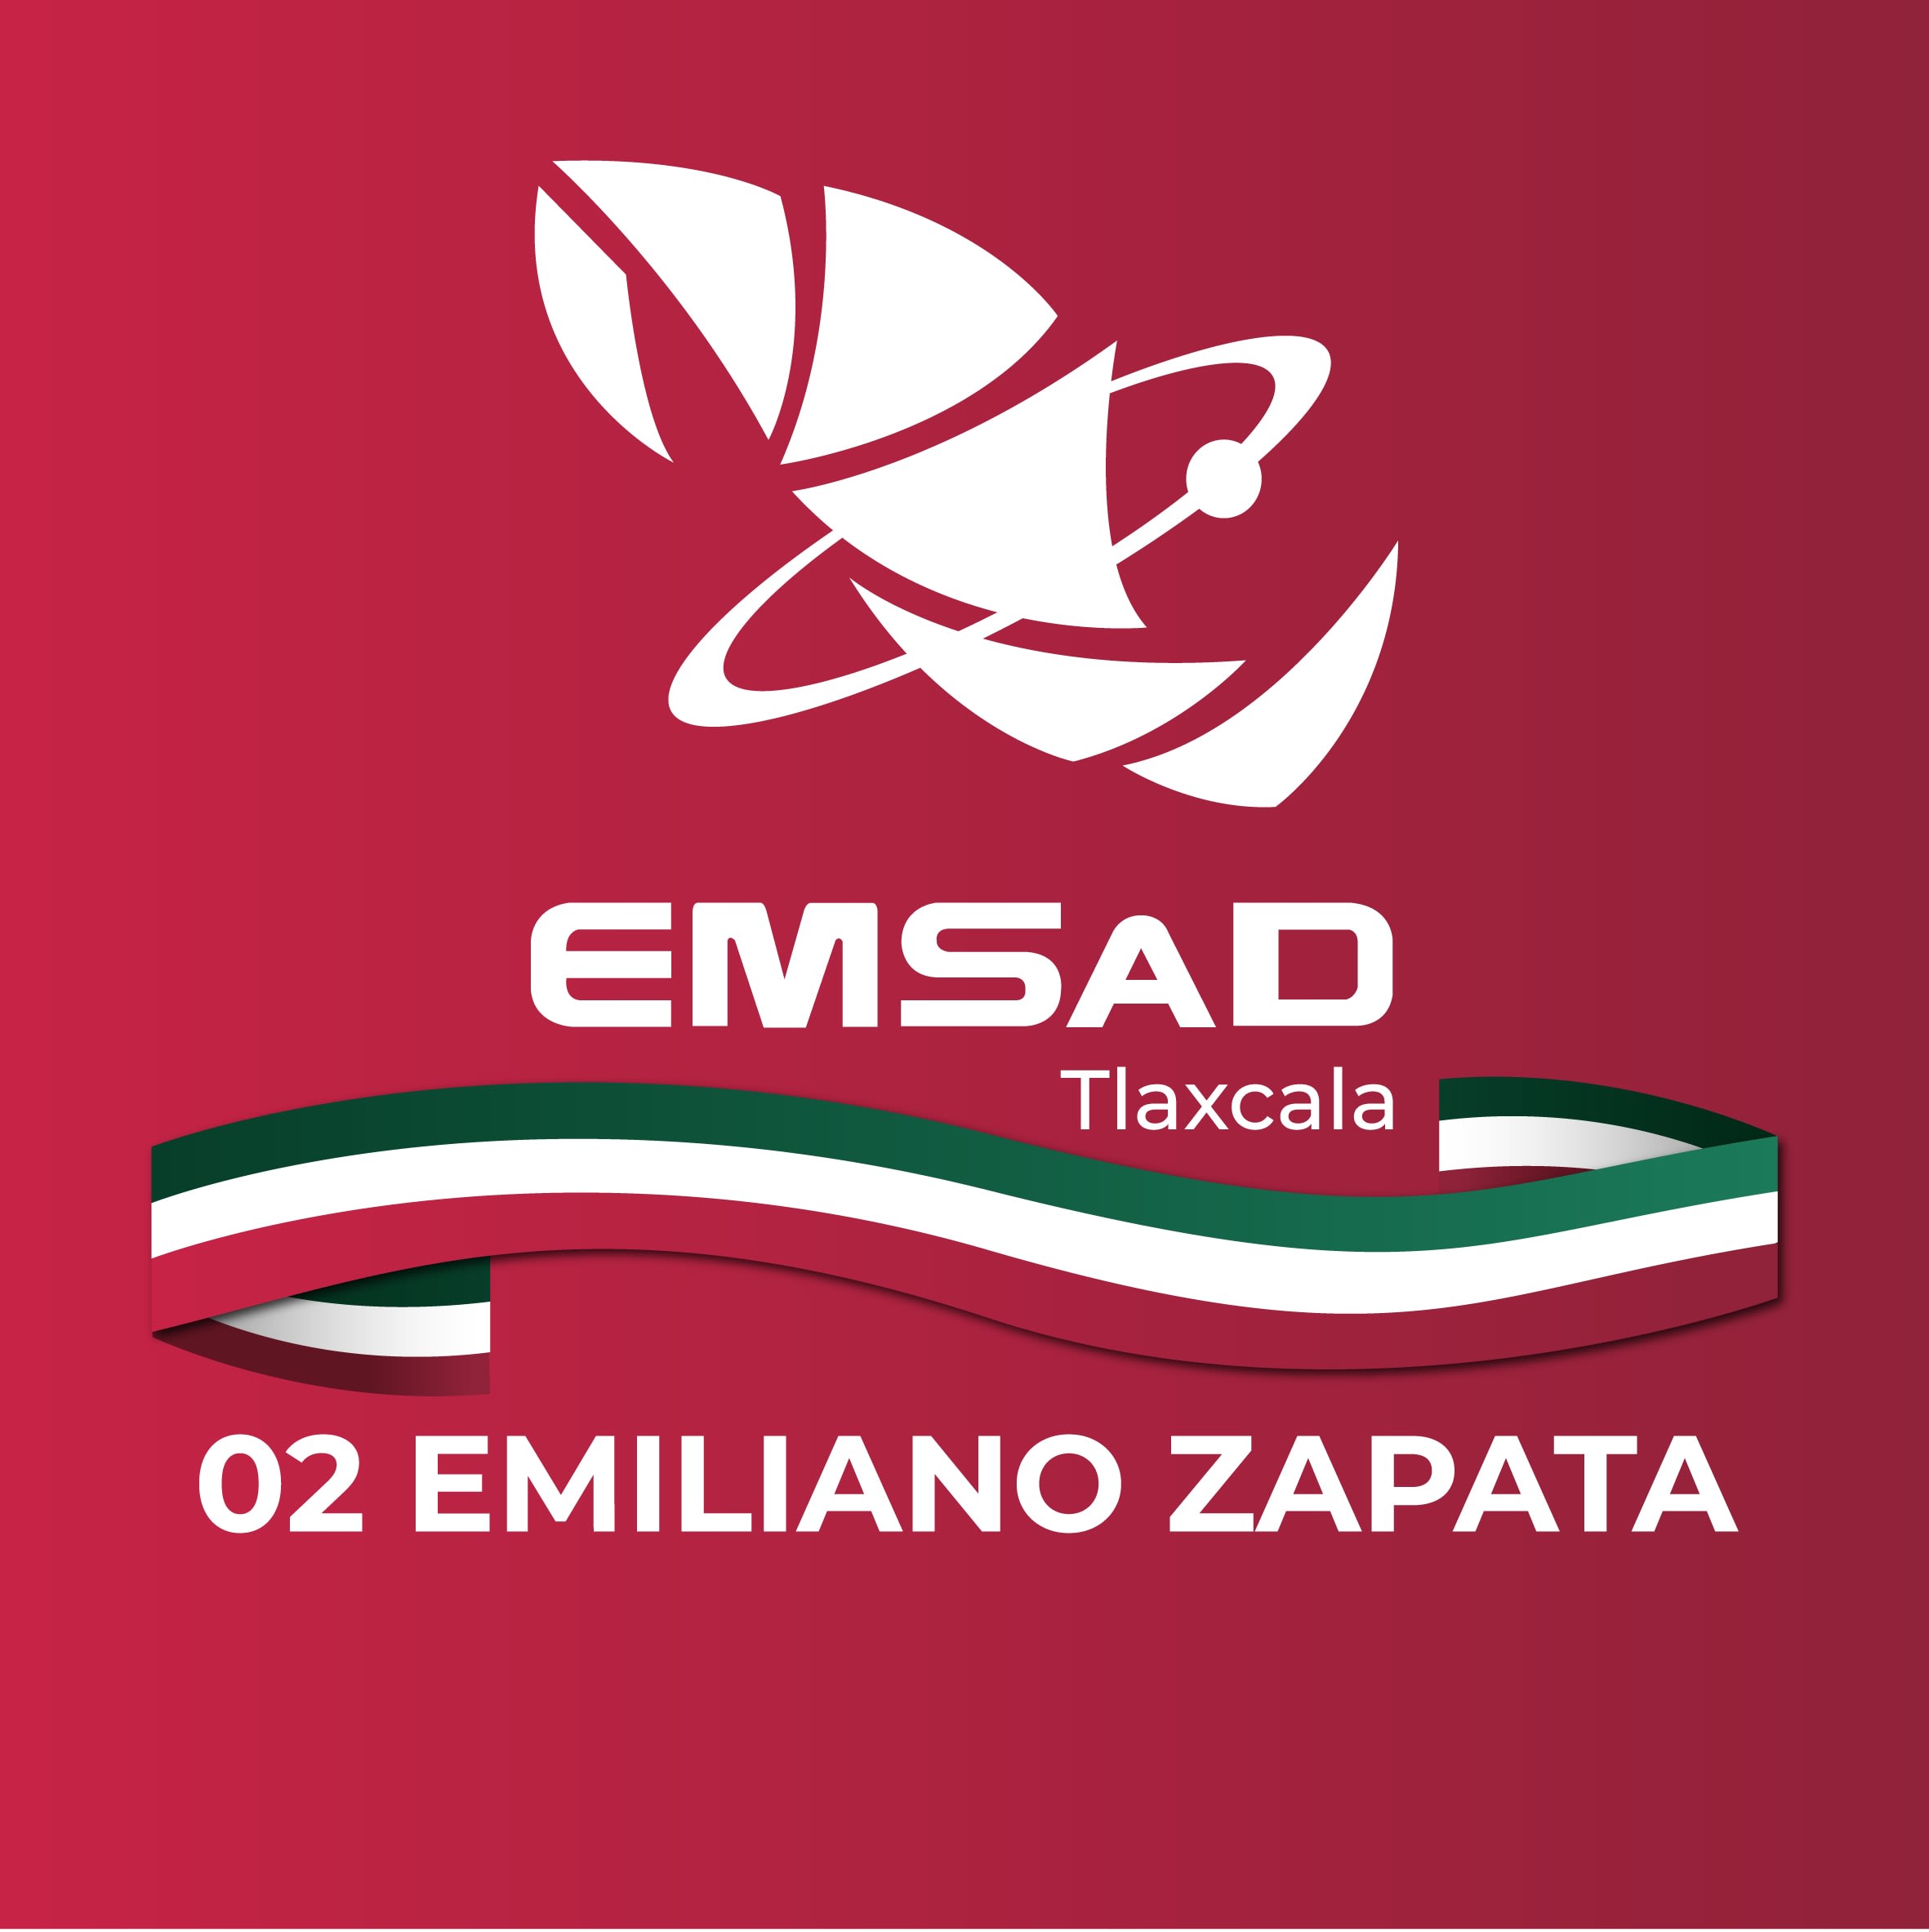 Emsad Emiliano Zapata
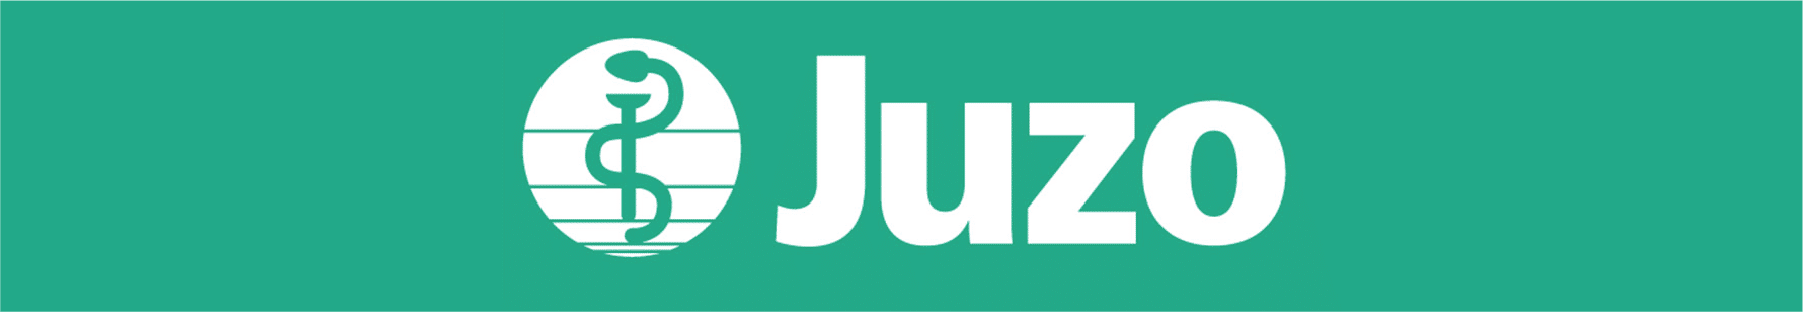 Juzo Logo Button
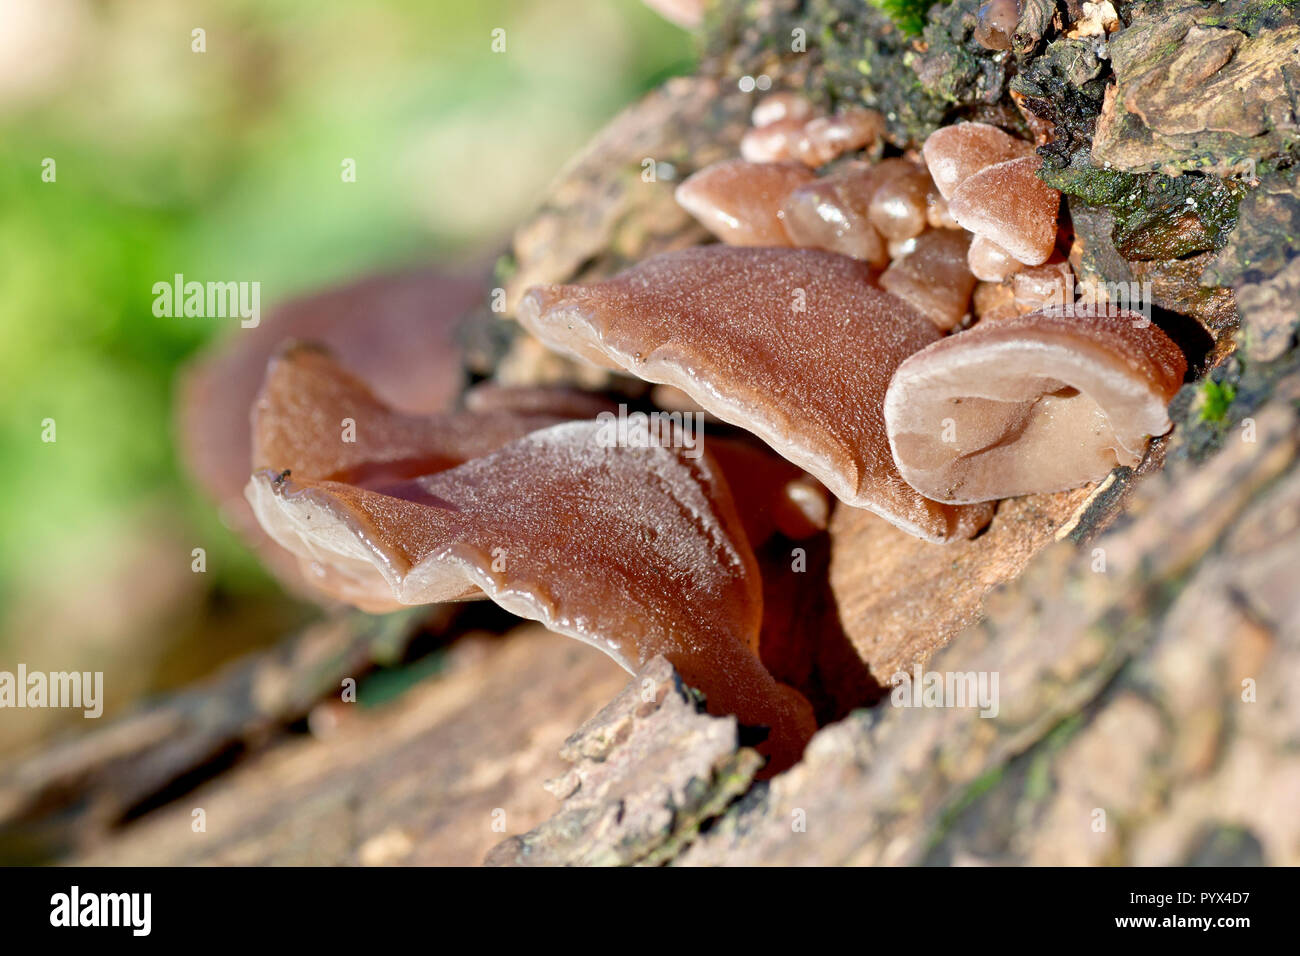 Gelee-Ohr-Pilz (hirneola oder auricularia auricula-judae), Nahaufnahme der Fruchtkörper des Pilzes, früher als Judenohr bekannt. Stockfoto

• • • •

TASK DETAILS: I would like the data above transcribed exactly, with its pictures left out.

ANSWER SECTION:
 Emsad Emiliano Zapata
 Juzo Logo Button
 Gelee-Ohr-Pilz (hirneola oder auricularia auricula-judae), Nahaufnahme der Fruchtkörper des Pilzes, früher als Judenohr bekannt. Stockfoto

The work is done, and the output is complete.